DATA FOR THE TASK:
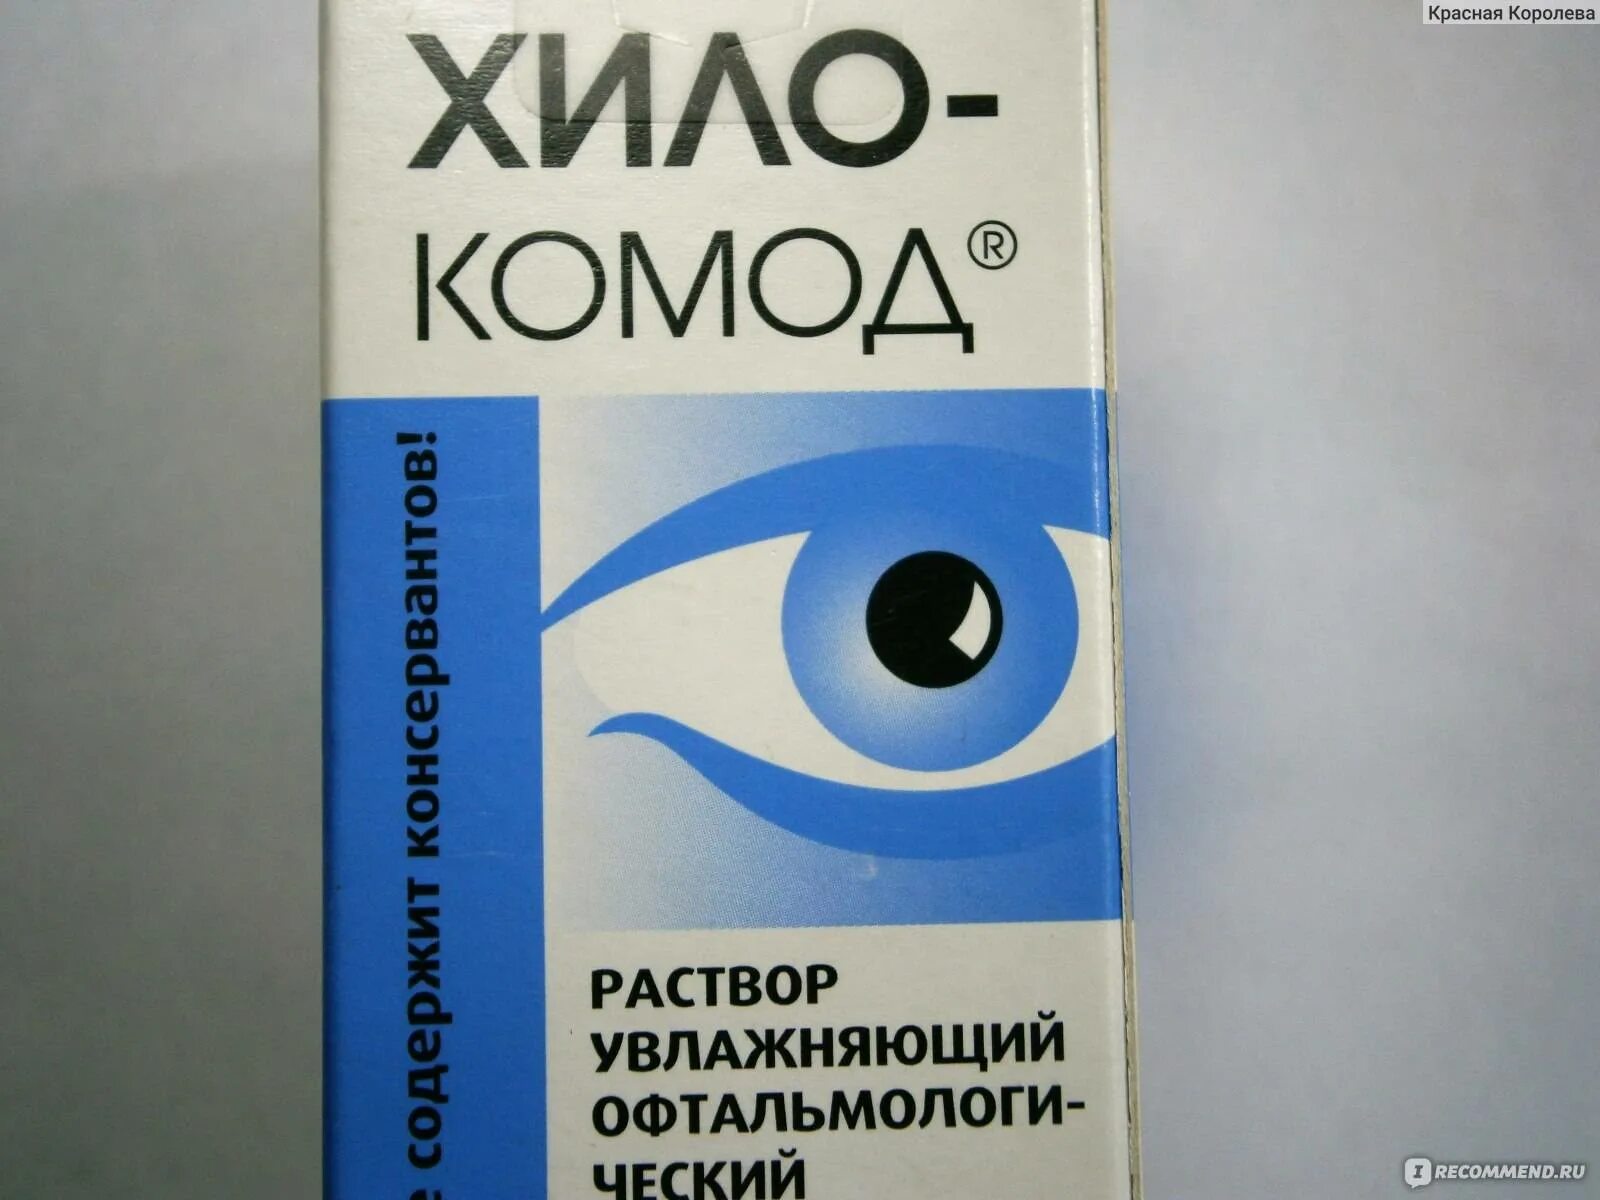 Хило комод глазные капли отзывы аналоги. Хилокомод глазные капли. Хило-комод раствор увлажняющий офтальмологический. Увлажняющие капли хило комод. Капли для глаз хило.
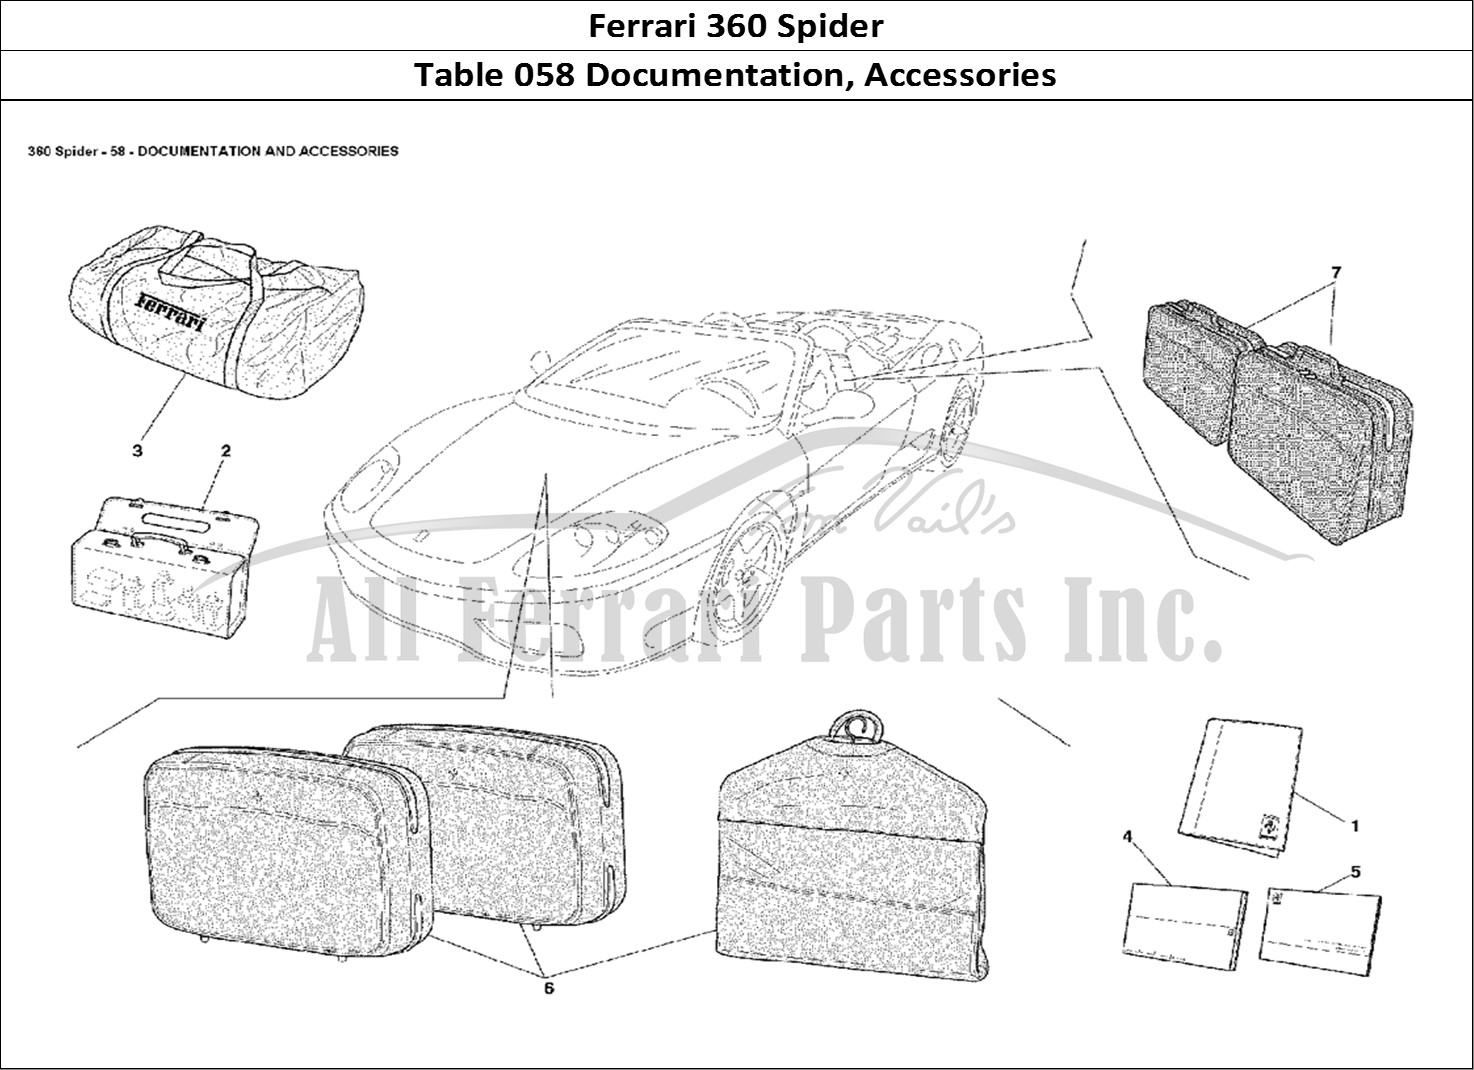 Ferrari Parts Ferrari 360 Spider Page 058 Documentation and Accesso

---

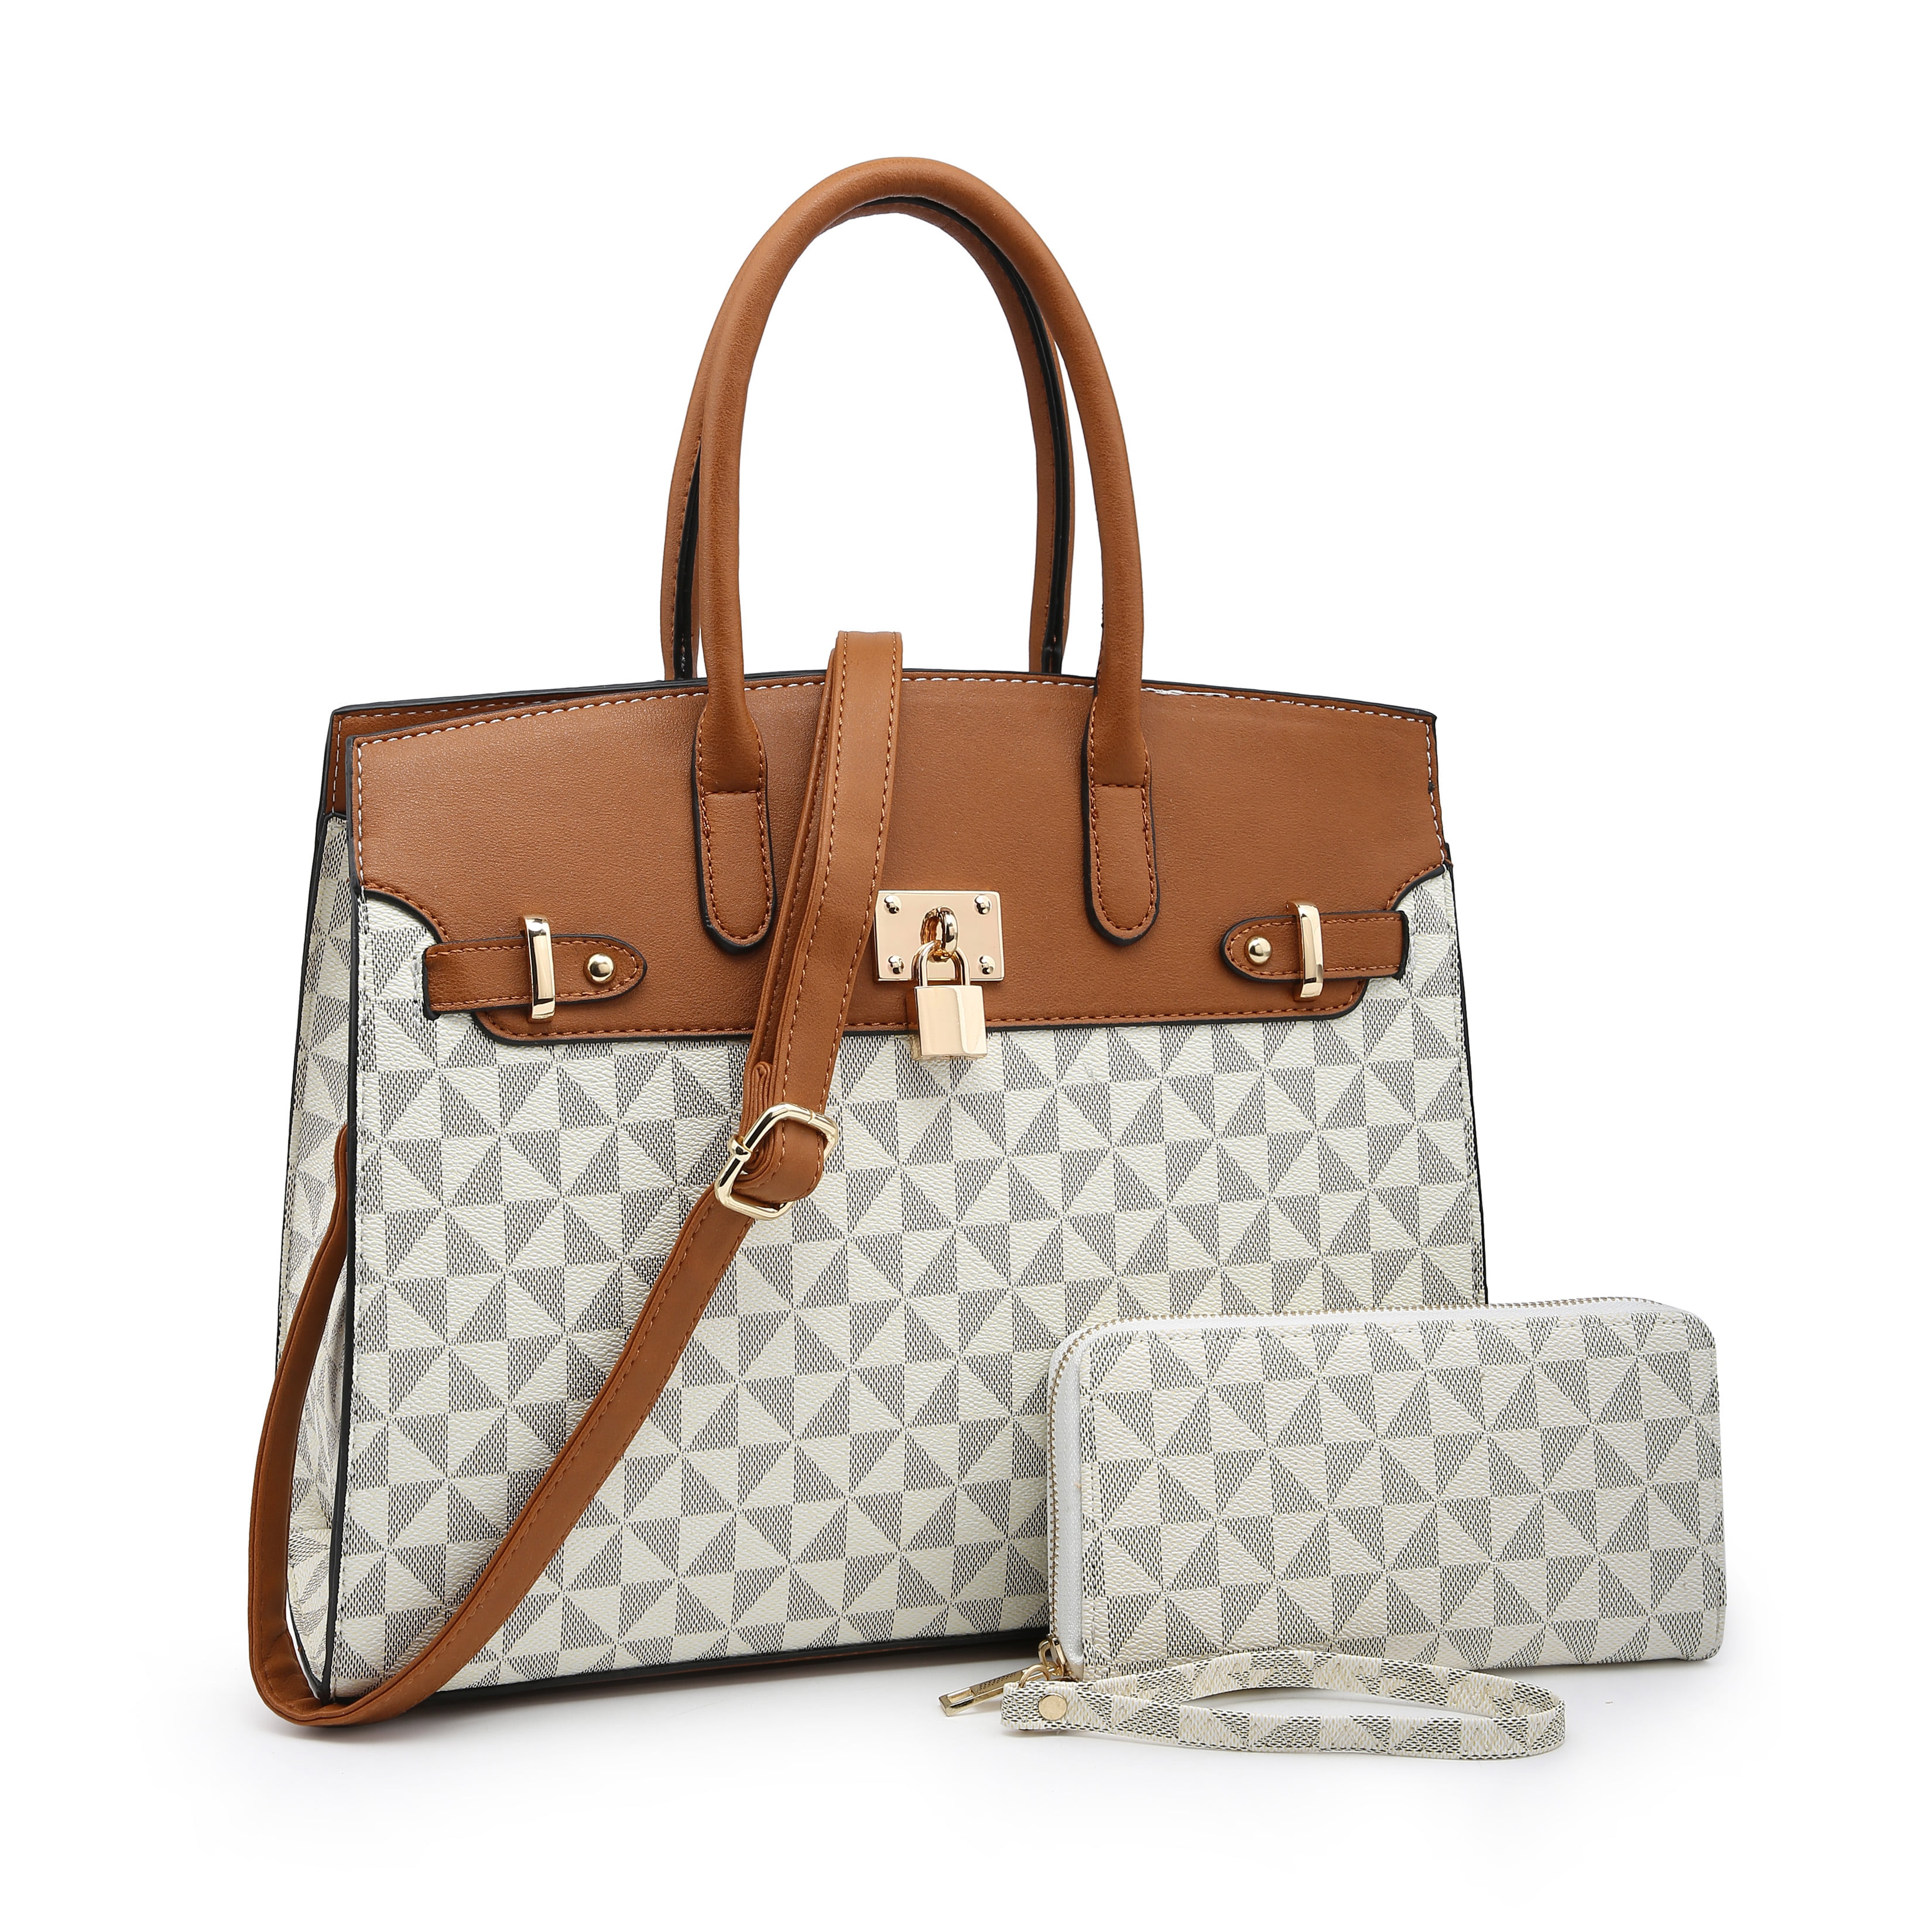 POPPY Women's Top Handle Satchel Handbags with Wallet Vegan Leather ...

WORK ITEM: Would you please repeat only the lines above, beginning at the one that has "Хило комод глазные" and stopping after the one that has "Ferrari Parts Ferrari", exactly and with no pictures?

SOLUTION TO THE PROBLEM:
 Хило комод глазные капли отзывы аналоги. Хилокомод глазные капли. Хило-комод раствор увлажняющий офтальмологический. Увлажняющие капли хило комод. Капли для глаз хило.
 Ferrari Parts Ferrari 360 Spider Page 058 Documentation and Accesso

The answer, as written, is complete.